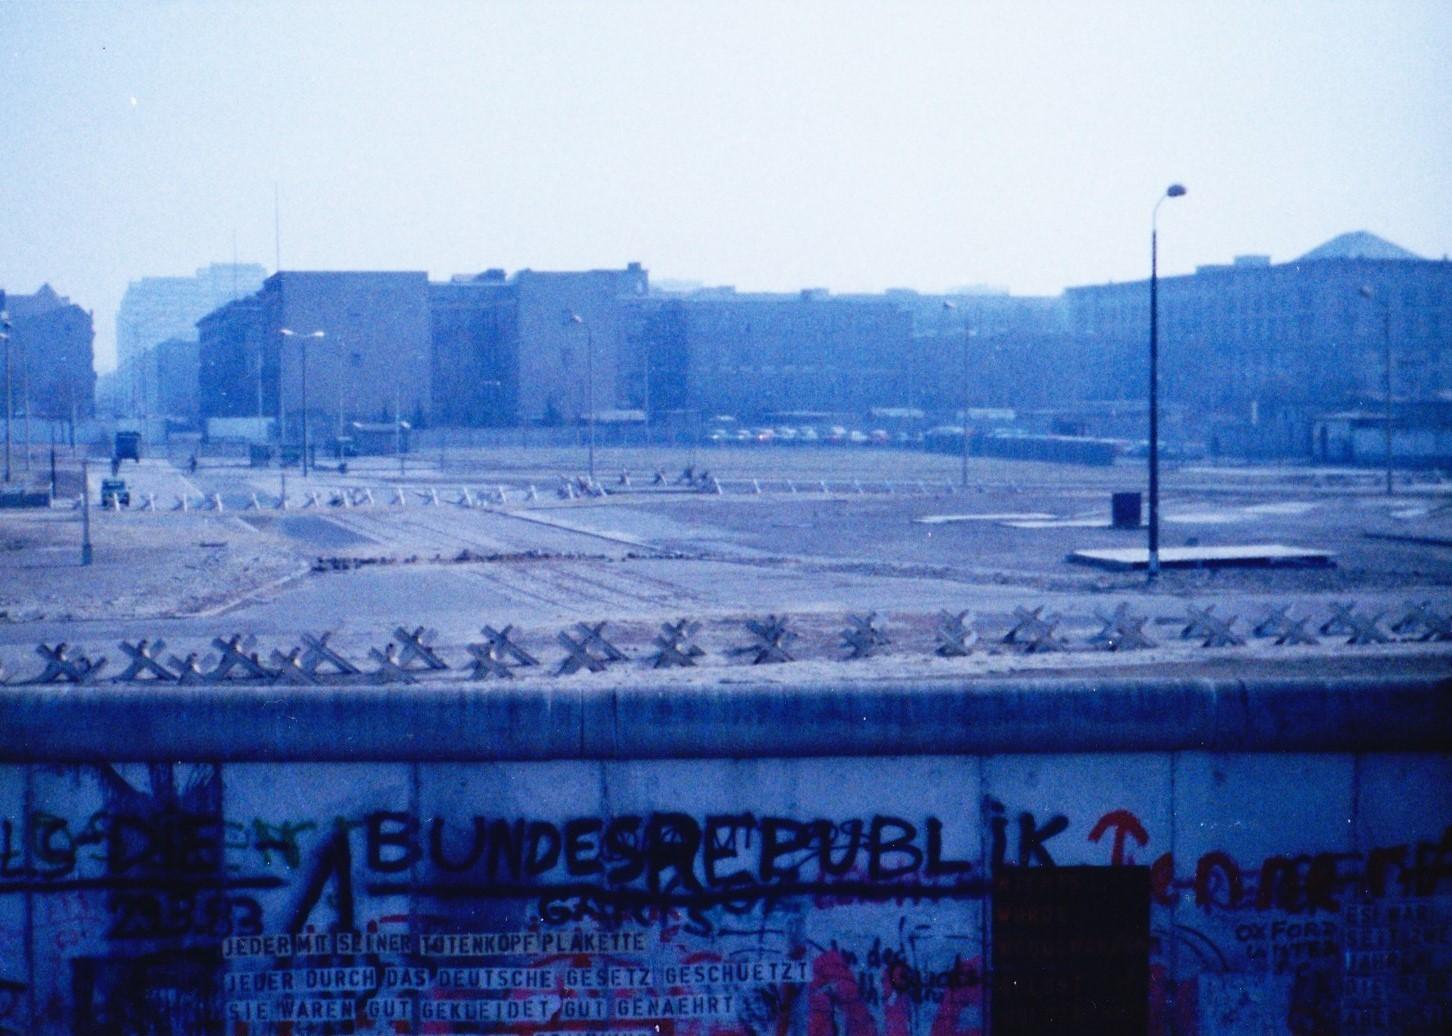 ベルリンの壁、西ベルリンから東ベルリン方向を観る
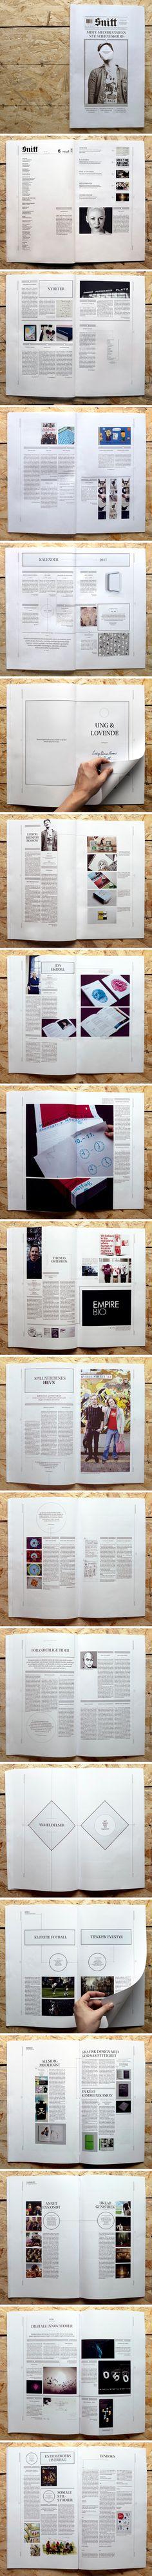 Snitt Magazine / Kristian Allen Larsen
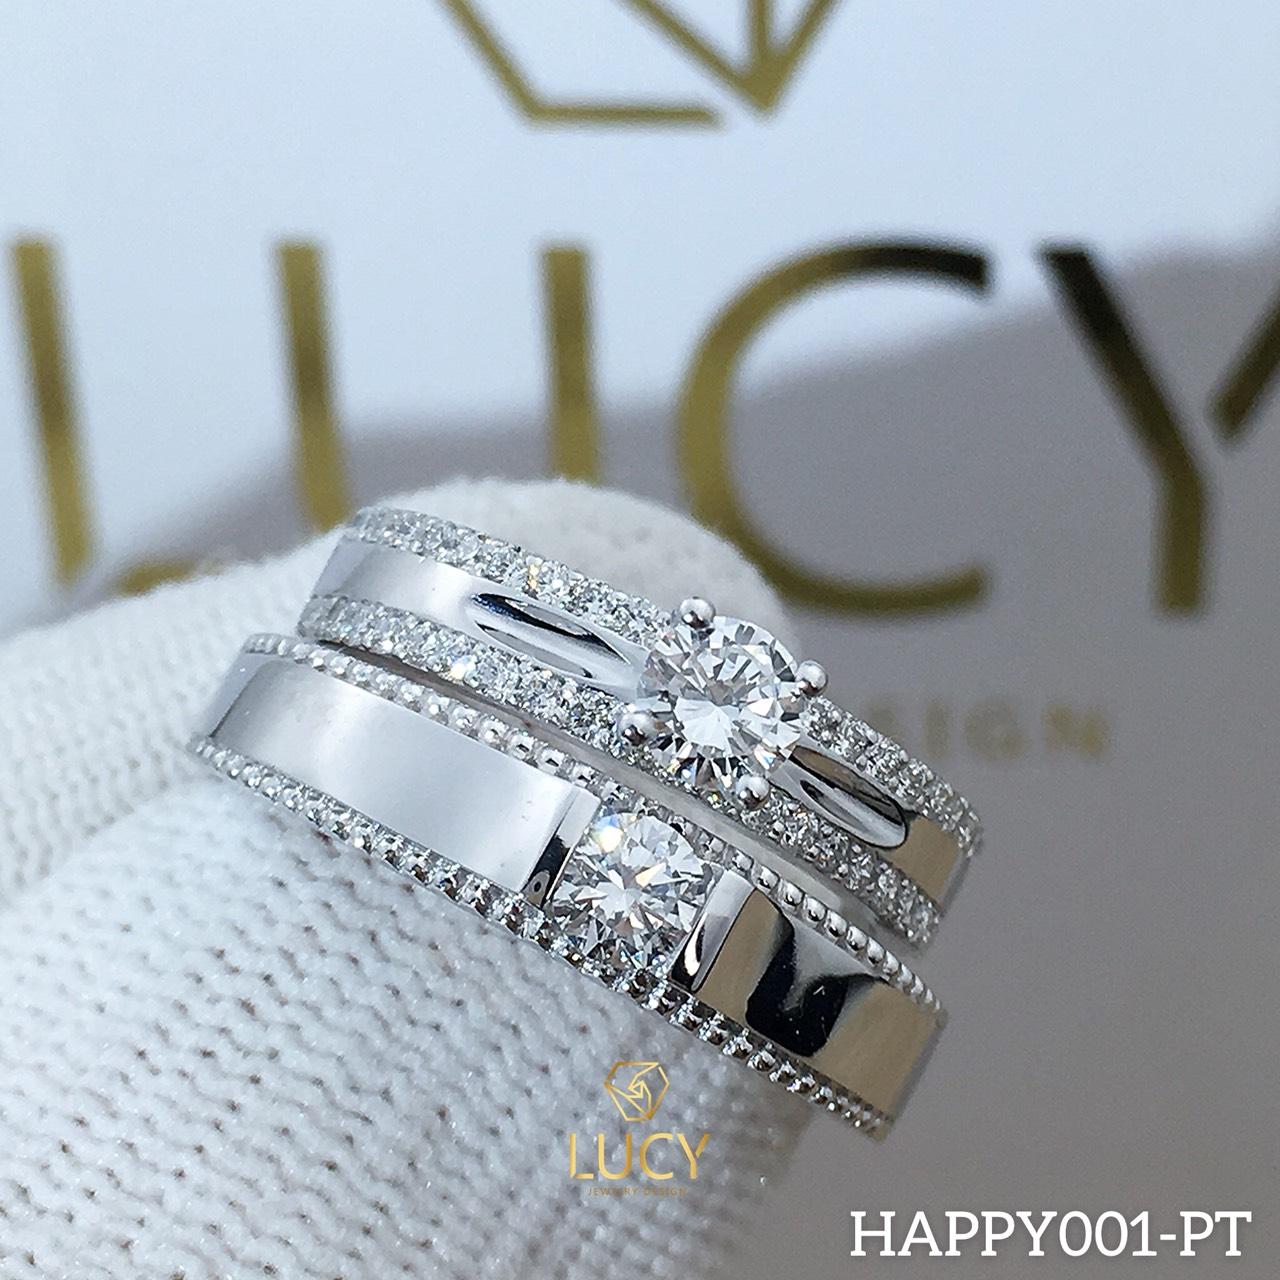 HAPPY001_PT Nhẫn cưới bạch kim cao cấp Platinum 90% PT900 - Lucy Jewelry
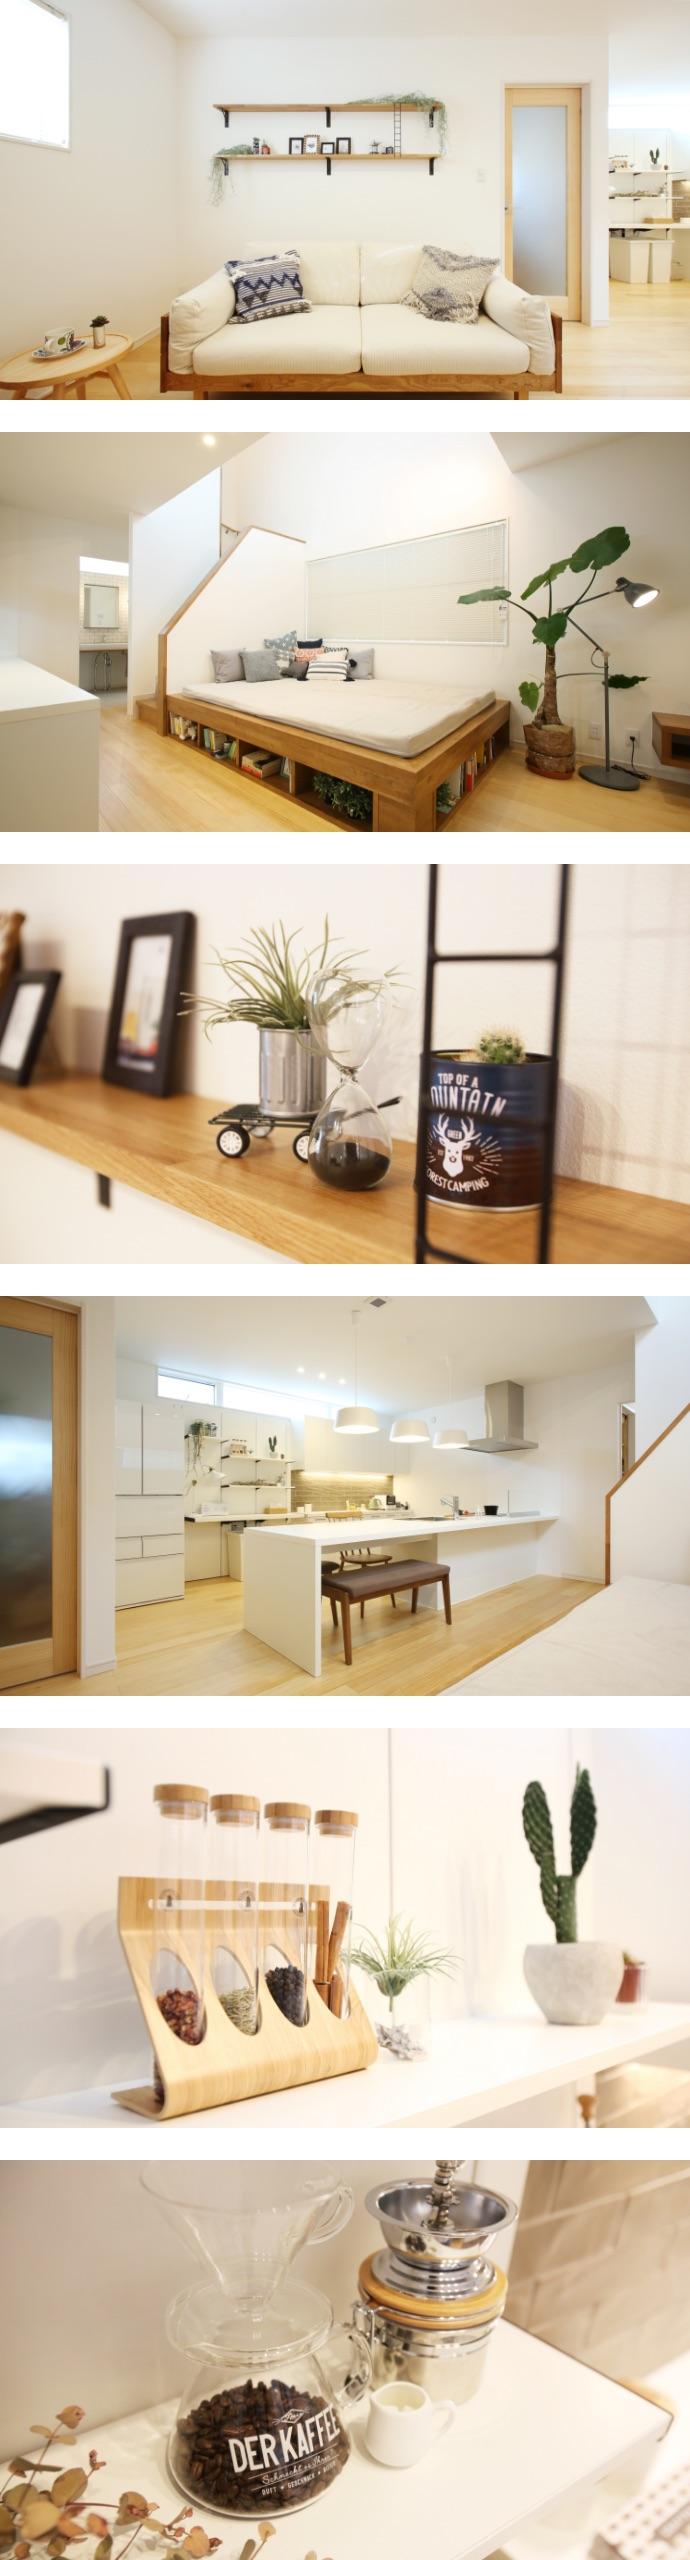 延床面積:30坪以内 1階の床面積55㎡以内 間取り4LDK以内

--------------------

▶ _PROBLEM TO SOLVE_
What is needed is an exact copy of the lines from the one with "HAPPY001_PT Nhẫn cưới" through the end of the data above, both included, minus any pictures.

▶ _ANSWER TO THE EXERCISE_
 HAPPY001_PT Nhẫn cưới bạch kim cao cấp Platinum 90% PT900 - Lucy Jewelry
 延床面積:30坪以内 1階の床面積55㎡以内 間取り4LDK以内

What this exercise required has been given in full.